SCALA : Handling visibility of constructor fields


Constructor fields are parameters of class . In scala , we can define the visibility of parameters , visibility of parameters can be defined by “val” or “var” or without “val” or “var” .

For example : class Knoldus(val name:String)

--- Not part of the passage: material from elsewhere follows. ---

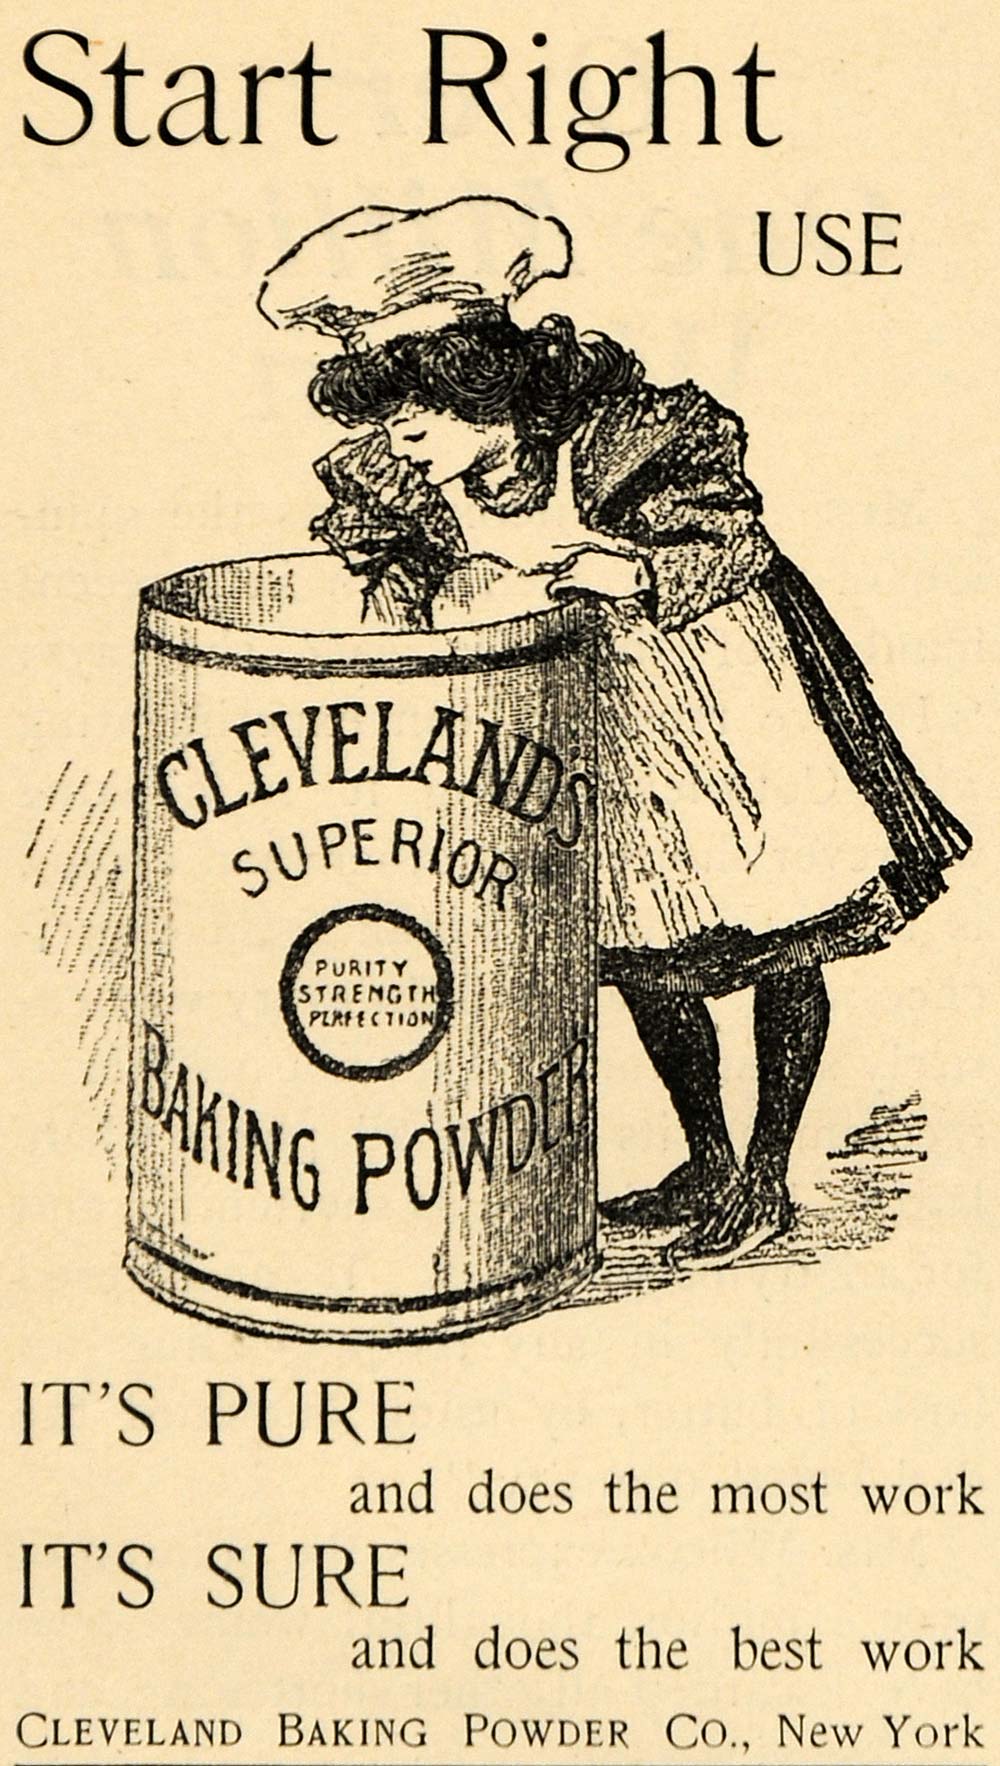 1895 Ad Cleveland Baking Powder Company Ingredients - ORIGINAL ADVERTISING LHJ4

Here, “val” defines the visibility of constructor field.

With val field

scala> class Knoldus(val name:String)
defined class Knoldus
scala> val knolObj=new Knoldus("Malti Yadav")
knolObj: Knoldus = Knoldus@59fc982f
scala> knolObj.name
res2: String = Malti Yadav
scala> knolObj.name="XYZ"
<console>:9: error: reassignment to val
knolObj.name="XYZ"
^

As we know that “val” is immutator so mutator method is not generated .In case of “val” field , we can not reassign value (scala> knolObj.name=”XYZ” ) .

With var field

scala> class Knoldus(var name:String)
defined class Knoldus
scala> val knolObj=new Knoldus("Malti Yadav")
knolObj: Knoldus = Knoldus@57391cbb
scala> knolObj.name
res0: String = Malti Yadav
scala> knolObj.name="XYZ"
knolObj.name: String = XYZ
scala> knolObj.name
res1: String = XYZ

In this case , we accessed the value and reassigned (mutated) the value because “var” is mutator .

Without val or val field

scala> class Knoldus(name:String)
defined class Knoldus
scala> val knolObj=new Knoldus("Malti Yadav")
knolObj: Knoldus = Knoldus@52efbabf
scala> knolObj.name
<console>:10: error: value name is not a member of Knoldus
knolObj.name
^

In this case , visibility of parameters are very restricted that why we can not access or set the value

Note : In “case class” , constructor fields are val by default .Case class rules are differ from above rules .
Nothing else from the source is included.